Source: 3652586/Pixabay
Source: 3652586/Pixabay

While each of us has our own journey, and you are the best judge in your own healing, here are some common details survivors report noticing as they near the healing or maintenance stages in their recovery:

  1. Decreased self-doubt: Survivors report feeling fewer episodes of self-doubt. They will learn to trust their own decisions, their recognition of red flags, and their remembrance of the past and the trauma they experienced. They will start to hear fewer self-told messages of, “Was it just me?” and decrease the number of dismissive statements such as, "Many had it worse."
  2. Changes in health or body: When we start to heal one aspect of our being, mentally or physically, it causes a chain reaction that spurs improvement in all other areas of life. Maybe one day you realize you haven’t had any nightmares in the past couple of months or that you can now look at family pictures without crying.
  3. Being less offended or bothered by others' boundaries: If your household was chaotic and your caregivers were disrespectful of personal boundaries, it can be hard to learn that other people deserve their own boundaries as much as we do. Survivors entering the healing stage start to recognize themselves being more understanding of others' boundaries and being better about setting their own.
  4. No longer having conversations with "them" in your head: You know those moments when you think of what you would say when you confront the people who have wronged you? Many people want to have their moment in the sun, sharing their feelings and experiences with a neglectful caregiver or another who hurt us, even if they were forced to listen. Many survivors report that they notice fewer of these conversations in their head as they heal.
  5. Increased comfort acknowledging—and feeling—your feelings: Instead of dismissing your feelings, feeling shame or embarrassment over them, or doubting their legitimacy, you start to learn that the only way to process feelings is to acknowledge and allow them to be felt. Survivors approaching healing find themselves more equipped to let themselves respect their feelings and start taking steps to process uncomfortable ones in healthier ways.
  6. Increased comfort with asking for help from others: Instead of believing yourself and your struggles to be a burden on others, you learn to trust in the kindness of the people who support you and learn that they want you to be happy and well. Not only do survivors who arrive at healing report finding it easier to ask for help, but they also recognize how the external perspectives of others benefit them in their journey.
  7. Increased self-compassion: Self-compassion is when we have compassion for ourselves. Many survivors struggle with this, as it was not shown to us in childhood. But as we heal, we learn how to show ourselves kindness and grace for the mistakes we make as we grow.
  8. Ability to recognize when something has triggered you: In many ways, developing self-understanding is a lifelong process. But, as we heal, we are able to recognize when something triggers us—that feeling of being brought back to that feeling of the little child standing helpless while being yelled at, for example. This does not mean that the triggers won't happen, only that we will be able to recognize them as being drawn from something deeper, instead of coming from the present situation.
  9. A decline in self-soothing or self-medicating: Survivors will notice a decline in self-soothing behaviors. Perhaps you notice that you are not reaching for the comfort foods—or substances—you once depended on every evening. Please understand that many times self-soothing behaviors can merge into compulsive behavior or addiction. Many are unable to decrease their use of food or substances without treatment, and this is OK; it does not mean you are not “healing” the correct way. There is no shame in seeking support.

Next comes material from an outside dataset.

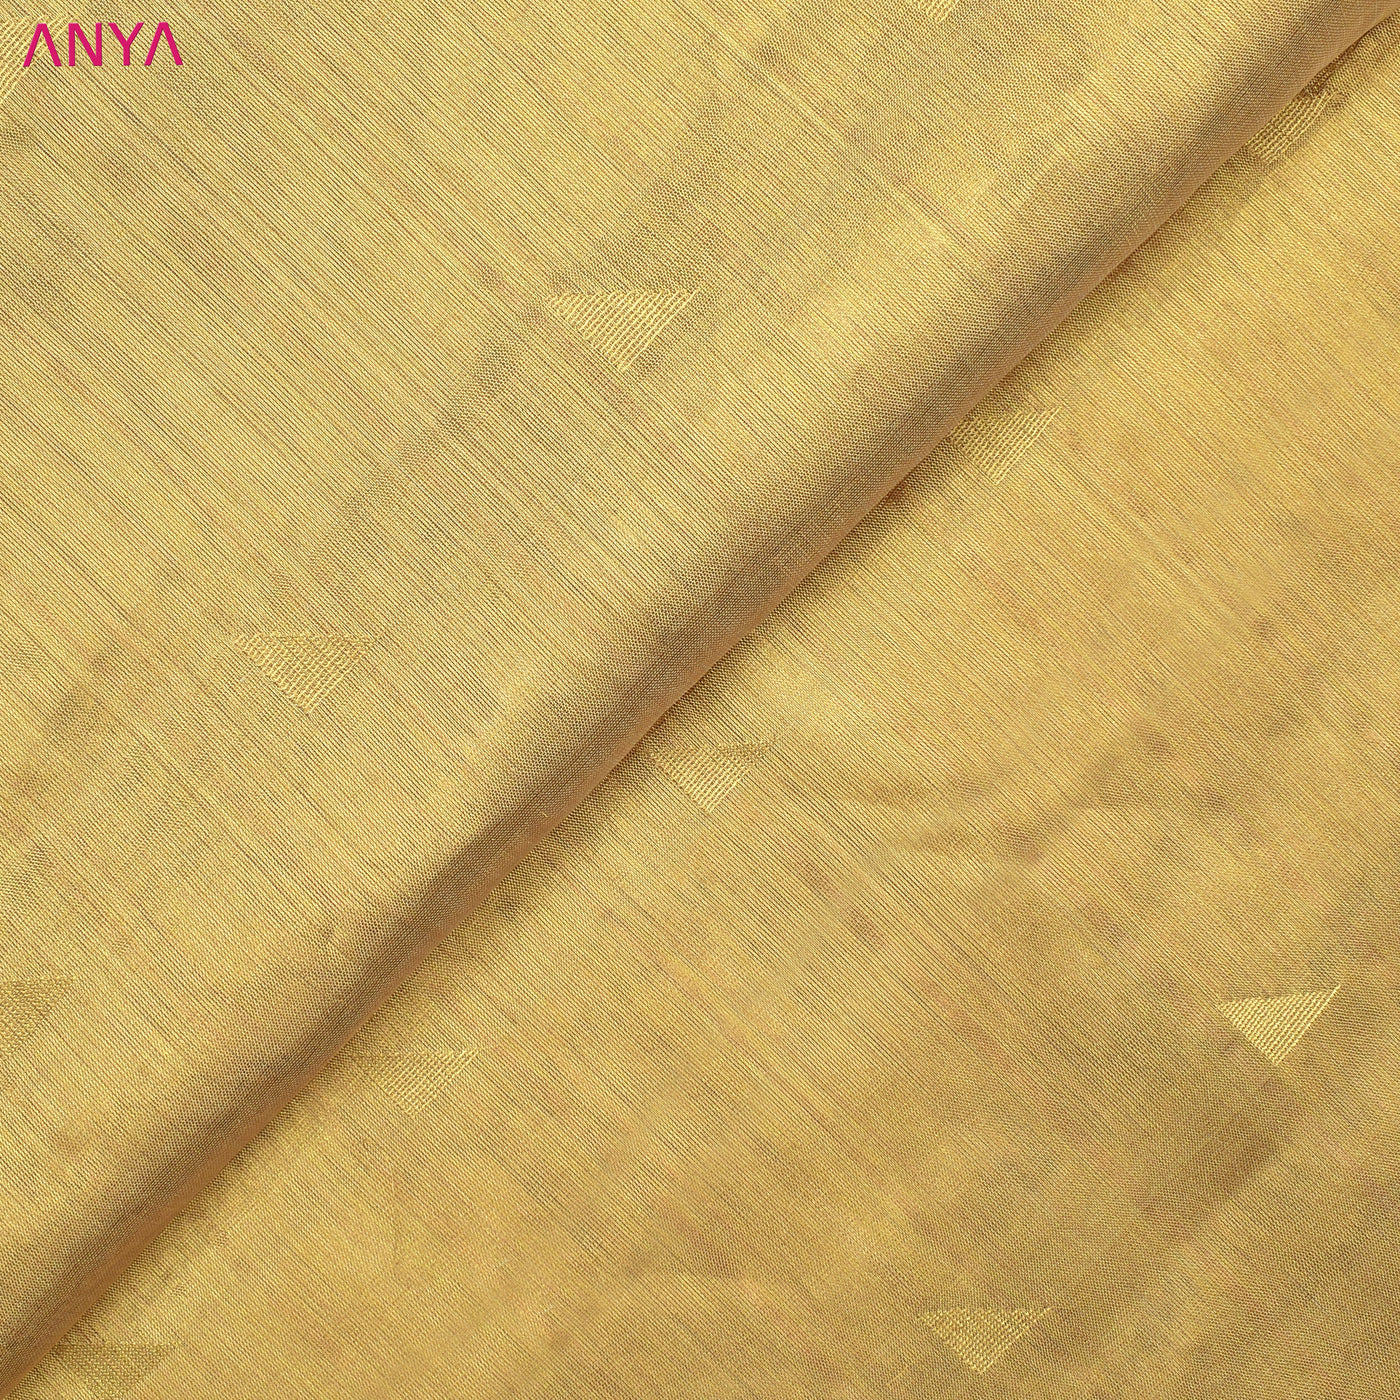 Anya Online golden-tissue-fabric

As with any trauma, recovery from abuse is not something that someone can expect to wake up one day and notice they are healed. It is much more gradual, and you are likely to notice small changes. The truth is that we never really get over it: You have to keep working at it. Healing doesn’t mean you stop feeling negative feelings—only that you feel them when it's appropriate to do so, and you are able to recover from them without staying activated.